People who regularly drink diet sodas may have a higher risk of developing conditions such as heart disease and type 2 diabetes.
But that doesn’t necessarily mean the drinks cause these conditions. People who already have health problems or are trying to control their weight may be more likely to choose diet drinks, which may make this evidence a bit misleading.
An occasional diet drink probably won’t feed an addiction to sweet foods.
How about artificial sweeteners?
In 2023, the WHO classified aspartame (a common sweetener found in many diet soft drinks) as “possibly carcinogenic to humans.” This means that the evidence linking aspartame to cancer is currently limited and not conclusive.
The WHO also emphasized that the public generally consumes safe levels of aspartame and only has evidence of concern if people drink the equivalent of 14 cans of soda per day.
There is also emerging evidence some artificial sweeteners may irritate the gut or alter the balance of gut bacteria. These effects are still being investigated. But they have raised concerns about the health impacts of drinking diet sodas over a long period of time.
Can I get used to the sweetness?
An occasional diet drink is unlikely to fuel a sweet food addiction, but cutting back is still a good idea if it becomes a daily habit.
After people reduce their consumption of very sweet foods or drinks, some research suggests they begin to perceive sweetness more easily and discover that very sweet things taste sweet.
So if you’re trying to enjoy less sweet drinks, set aside some time. Within a few weeks, you may prefer the less sweet flavor.
Here are three evidence-based strategies to help you adjust.
1. Dilute
A gentle first step is to dilute the soda. Start by pouring less soda into a glass and topping up with water or soda, then gradually adjust the proportion over time.
It may taste less sweet at first, but your taste buds will adapt. This slow and steady approach can make change seem easier and more sustainable than giving up abruptly.
2. Make smarter trades
Try replacing the weight-reduction plan soda with a healthier alternative that still provides flavor or fizz. Sparkling water or sparkling water with a squeeze of lime or lemon and a few mint leaves provides the same bubbly refreshment with a pure, refreshing taste.
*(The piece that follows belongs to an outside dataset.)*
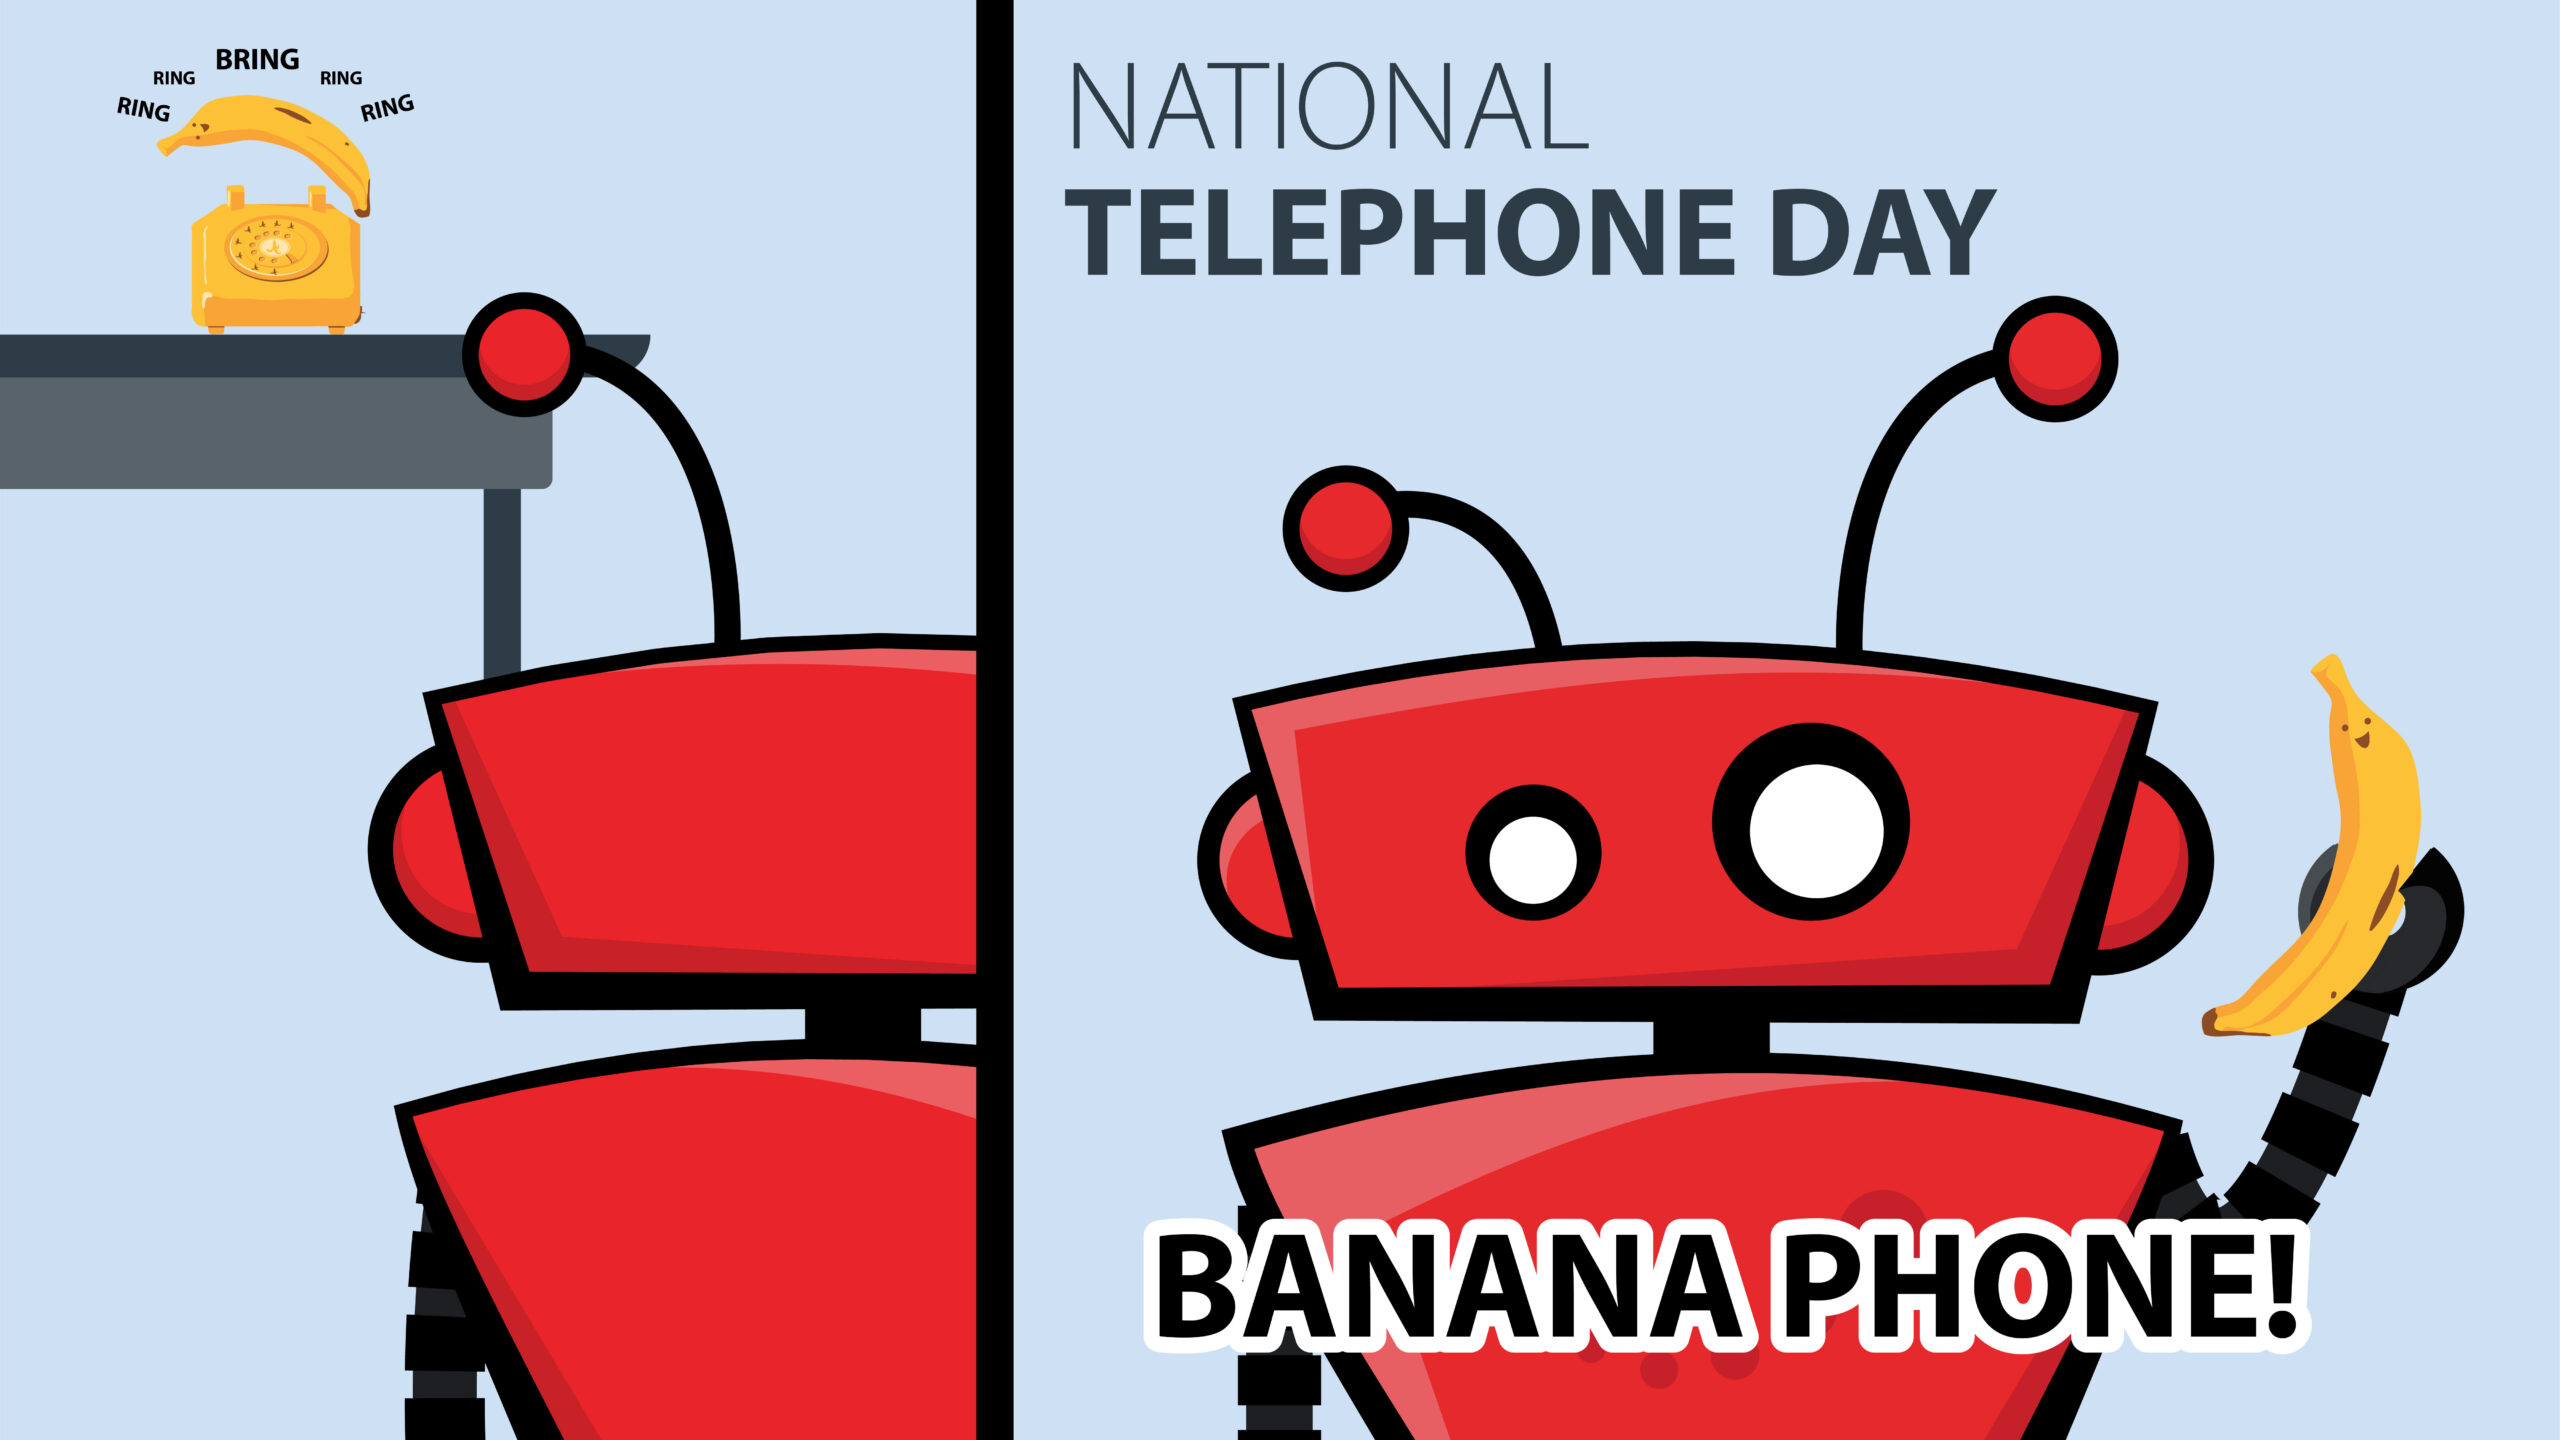 xbert with banana phone for national telephone day

Add ice if it’s a hot day or for a crunch.
If you prefer plain water but it seems boring, infuse it with fruit slices, cucumber, berries, or herbs.
You can also try unsweetened iced tea, such as black, green, or herbal tea. They offer a slight caffeine boost without added sweeteners and can be served cold with ice and lemon.
Coconut water can also be a healthier alternative as it is low in sugar and provides some additional electrolytes that help balance fluids in the body.
3. Know your triggers
If you tend to drink a soda out of habit, boredom, or an afternoon energy slump, paying attention to these moments can help. Once you identify your triggers, you can plan a different response. Take a short walk, call a friend or have a cup of tea together.
Keeping a cold, reusable water bottle nearby also helps. If your drink is always within reach, you’re less likely to reach for a weight-reduction plan soda when you’re out and about.
If you drink weight-reduction plan soda because you’re hungry, look for something nutritious, like a handful of nuts, yogurt or a piece of fruit. These foods will satisfy you longer than a can of weight-reduction plan soda because they contain nutrients, like fiber, to keep you fuller for longer.
The final result
You don’t need to give up weight-reduction plan sodas completely. But being mindful of how much soda you drink and how often can help you make choices that better support your long-term health.
Start small, be consistent, and let your taste buds adjust. Over time, you may find that what once tasted “bland” now seems refreshingly pure.
Lauren Ball is Professor of Community Health and Wellbeing at the University of Queensland; Emily Burch is a nutritionist and lecturer at Southern Cross College; and Mackenzie Derry is a registered dietitian, nutritionist and PhD candidate at the University of Queensland. This piece first appeared in The conversation.